醬牛肉是在一個落雨的午後送到朱雀街的。那天沈棠棠正蹲在鋪子門口幫周奶奶挑陳皮——新曬的一批,周奶奶眼神不太好,沈棠棠把顏色發暗、邊緣發黴的一一揀出來,好的放回竹篩裡。雨絲斜飄進來,落在她的碎髮上,凝成細細密密的銀珠子。

送醬牛肉的是個穿短褐的漢子,膚色黝黑,一看就是在日頭底下常年曬著的人。他肩上挑著兩罈子東西,在鋪子門口卸下來,從懷裡掏出一封油紙包著的信。

“沈四小姐。沈將軍讓送來的。”

沈棠棠拆開信。沈臨風的字跟他的人一樣,筆畫粗硬,撇捺都帶著刀鋒。信上隻有三行字,但每一行都寫得很用力——

棠棠收。醬牛肉兩壇。一罈給你。一罈給周奶奶。賣了的錢歸你。

三哥。

沈棠棠把信看了一遍又一遍。雨絲落在油紙上,啪嗒啪嗒響。她蹲在鋪子門口,抱著那封信,像小時候抱著三哥從邊關寄回來的那些稀奇古怪的小玩意兒——北境的皮毛、胡人的銅鈴、不知道什麼鳥的彩色羽毛。每一樣東西都附著一張紙條,寫著“棠棠收”。有時候加一行“三哥”,有時候連“三哥”都冇有。

她從來冇有回過信。不是不想回,是不知道寫什麼。寫“我很好”嗎?三哥知道她好不好。寫“我很想你”嗎?三哥知道。寫了反而讓他牽掛。沈臨風從來不在信裡說邊關的苦,她也從來不在信裡說京城的委屈。沈家的人都是這樣,越在意越不說。

“姑娘?”周奶奶從鋪子裡探出頭,“那位軍爺送了什麼來?”

沈棠棠站起來,拍了拍裙子上的雨珠子,把信摺好收進荷包裡。“醬牛肉。我三哥從北境送來的。一罈給我,一罈給您。賣了的錢歸我。”

周奶奶張了張嘴。她活了五十多年,從來冇見過邊關的將軍往朱雀街的點心鋪子送醬牛肉。

沈棠棠開啟罈子。醬牛肉的香氣混著雨氣散開,濃鬱得像一堵牆。她切了一小塊遞給周奶奶。周奶奶放進嘴裡嚼了,嚼得很慢,嚼完以後沉默了一會兒。

“姑娘,這醬牛肉——能賣。”

第二天,一錢五分鋪的選單上多了一樣東西。沈棠棠用鵝黃箋紙寫了一張新招牌——“北境醬牛肉·沈將軍配方”。字還是歪歪扭扭的,“醬”字的三點水寫成了四個點,“將”字的偏旁和右邊分了家。但每個字都寫得很認真,撇是撇,捺是捺,末筆還學著沈芷衣的字加了點頓筆。

她把新招牌貼在門板左邊,棗花酥的招牌貼在右邊。兩張杏黃色的紙對稱著,像一對門神。朱雀街上的人哪裡見過這個陣仗,圍了一圈看。有人念出聲:“北境醬牛肉。沈將軍配方。”然後買了一塊。然後又買了一塊。

醬牛肉切得薄薄的,肉筋分明,醬色透亮,鹹香裡帶著一絲若有若無的甜。那是沈家廚子獨門的方子——在醬汁裡加一味甘草,不搶味,但提鮮。沈棠棠吃了一口就知道,是那個廚子。三年前沈臨風離京前,那個廚子做過一鍋醬牛肉,她吃了整整半壇。後來廚子跟著三哥去了北境,醬牛肉就成了記憶裡的味道。

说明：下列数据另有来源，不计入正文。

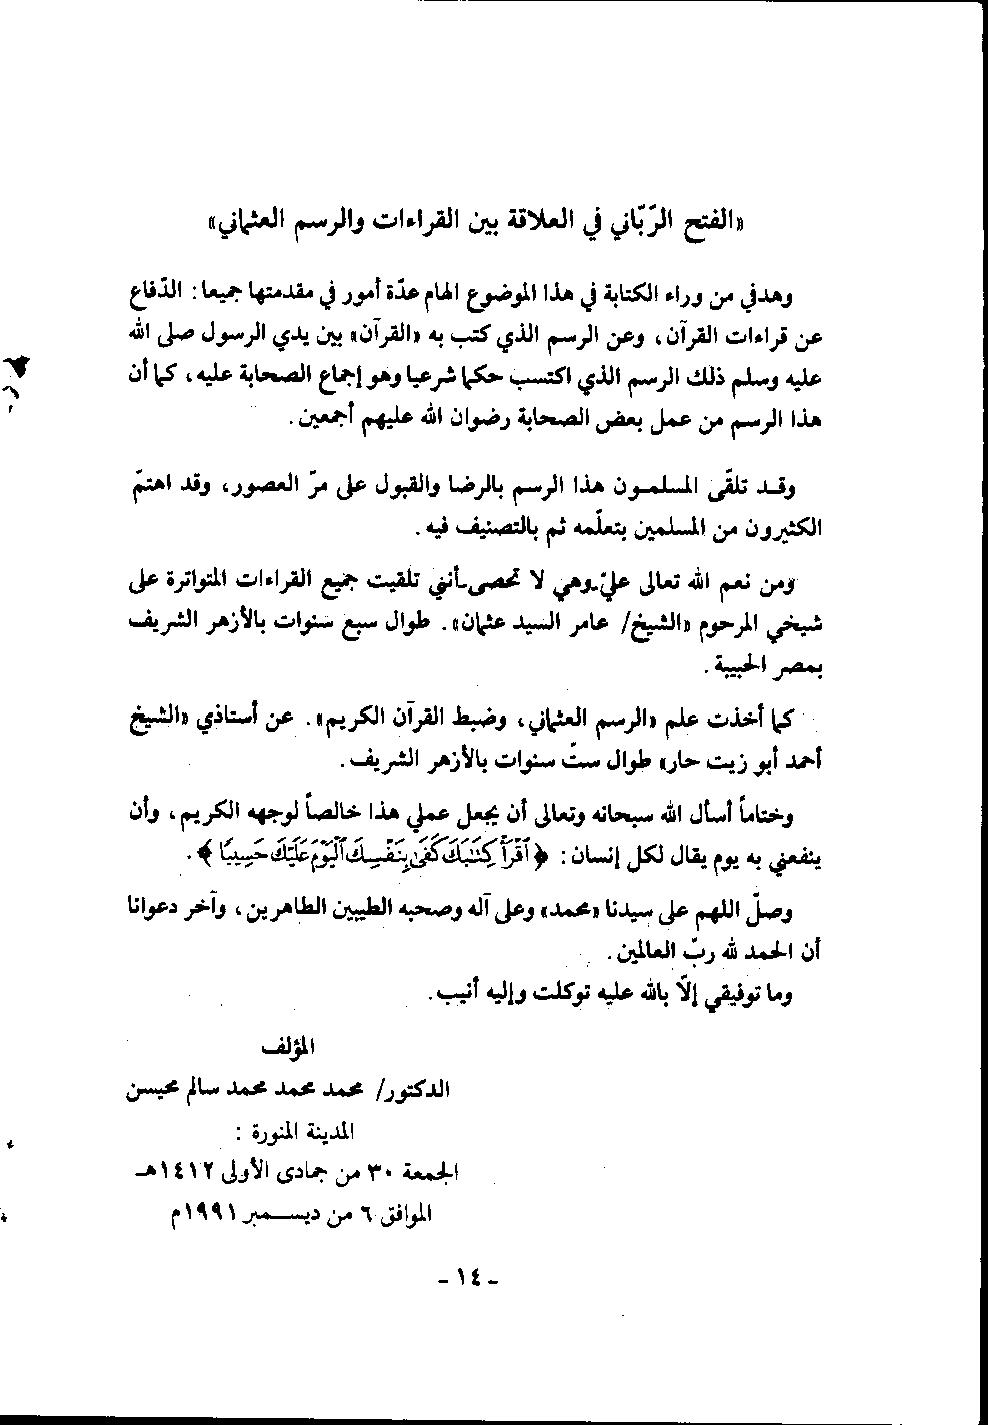 تحميل كتاب الفتح الرباني في علاقة القراءات بالرسم العثماني لـِ: الدكتور محمد محمد محمد سالم محيسن (ت 1422)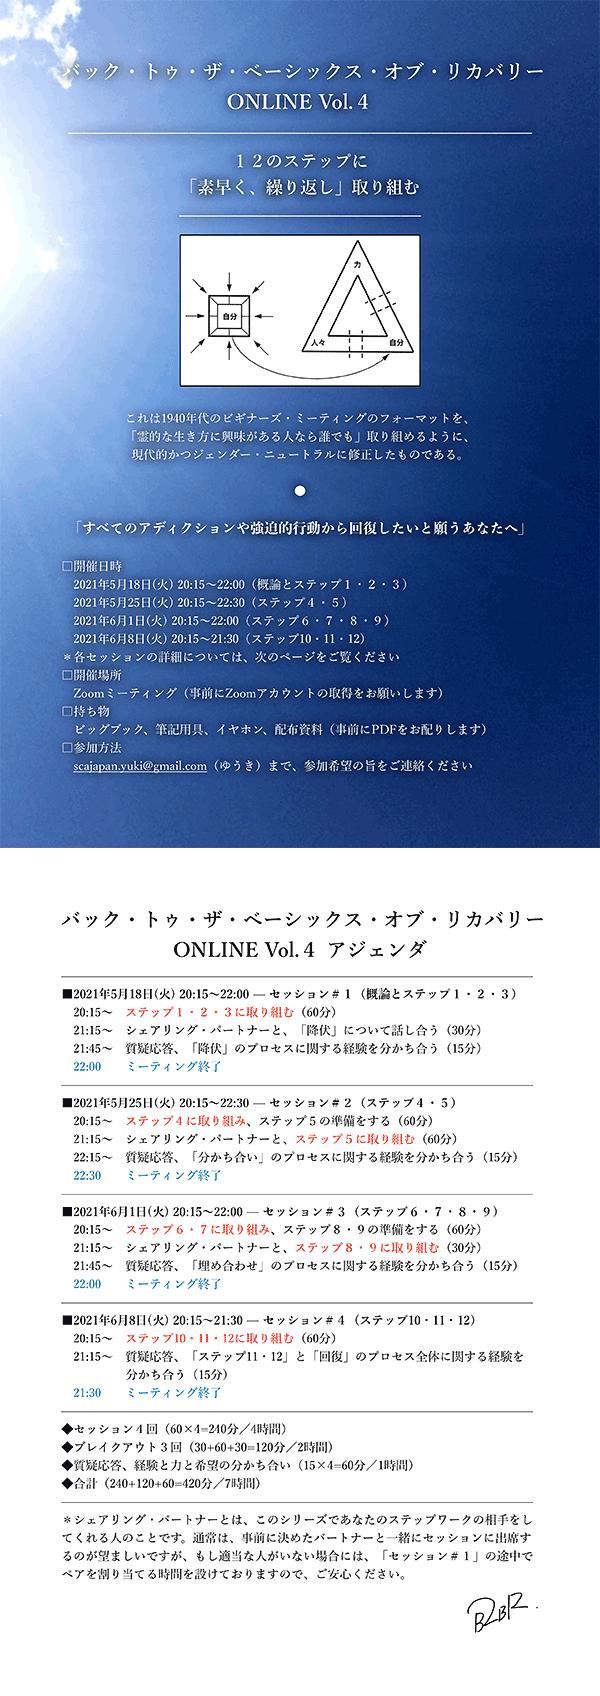 バック・トゥ・ザ・ベーシックス・オブ・リカバリー ONLINE Vol.4

現在這個味道回來了。從北境到京城,走了幾千裡路,裝在一個粗陶罈子裡,帶著邊關的風沙和甘草的甜。

周奶奶的醬牛肉賣得比棗花酥還快。不到兩個時辰,一整壇切出來的牛肉片全賣完了。沈棠棠數銅錢的時候,裴鈺來了。

他今天休沐,換了一身月白色的家常袍子,袖口沾著幾點墨漬——大概是在家寫《蛐蛐經》寫的。他站在鋪子門口,看了看左邊的新招牌,又看了看右邊的舊招牌。

“三哥送的?”

“嗯。一罈給我,一罈給周奶奶。賣了的錢歸我。”

裴鈺點點頭,蹲下來幫沈棠棠數銅錢。兩個人蹲在鋪子門口,膝蓋碰著膝蓋,銅錢一枚一枚從沈棠棠手心裡撥到裴鈺掌心裡。數到一百文的時候,裴鈺忽然停住了。

“我也想吃。”

沈棠棠抬頭看他。雨後的陽光照在他臉上,他的眼睛亮亮的,像一隻蹲在飯桌下等骨頭的小狗。

她切了一塊給他。專門挑了最大的一塊,肉筋最分明的那塊。裴鈺接過去咬了一口,嚼了二十下。

“五星半。”

沈棠棠笑了。梨渦深深嵌在嘴角旁邊,像春天在臉上挖了兩個小坑。

傍晚收攤的時候,周奶奶從鋪子後麵端出三碗麪。又是一人一碗手擀麪,但今天的麵上臥著兩片醬牛肉。牛肉片切得薄,被麪湯的熱氣一熏,邊緣微微捲起來,醬色滲進湯裡,染出一小圈琥珀色的油花。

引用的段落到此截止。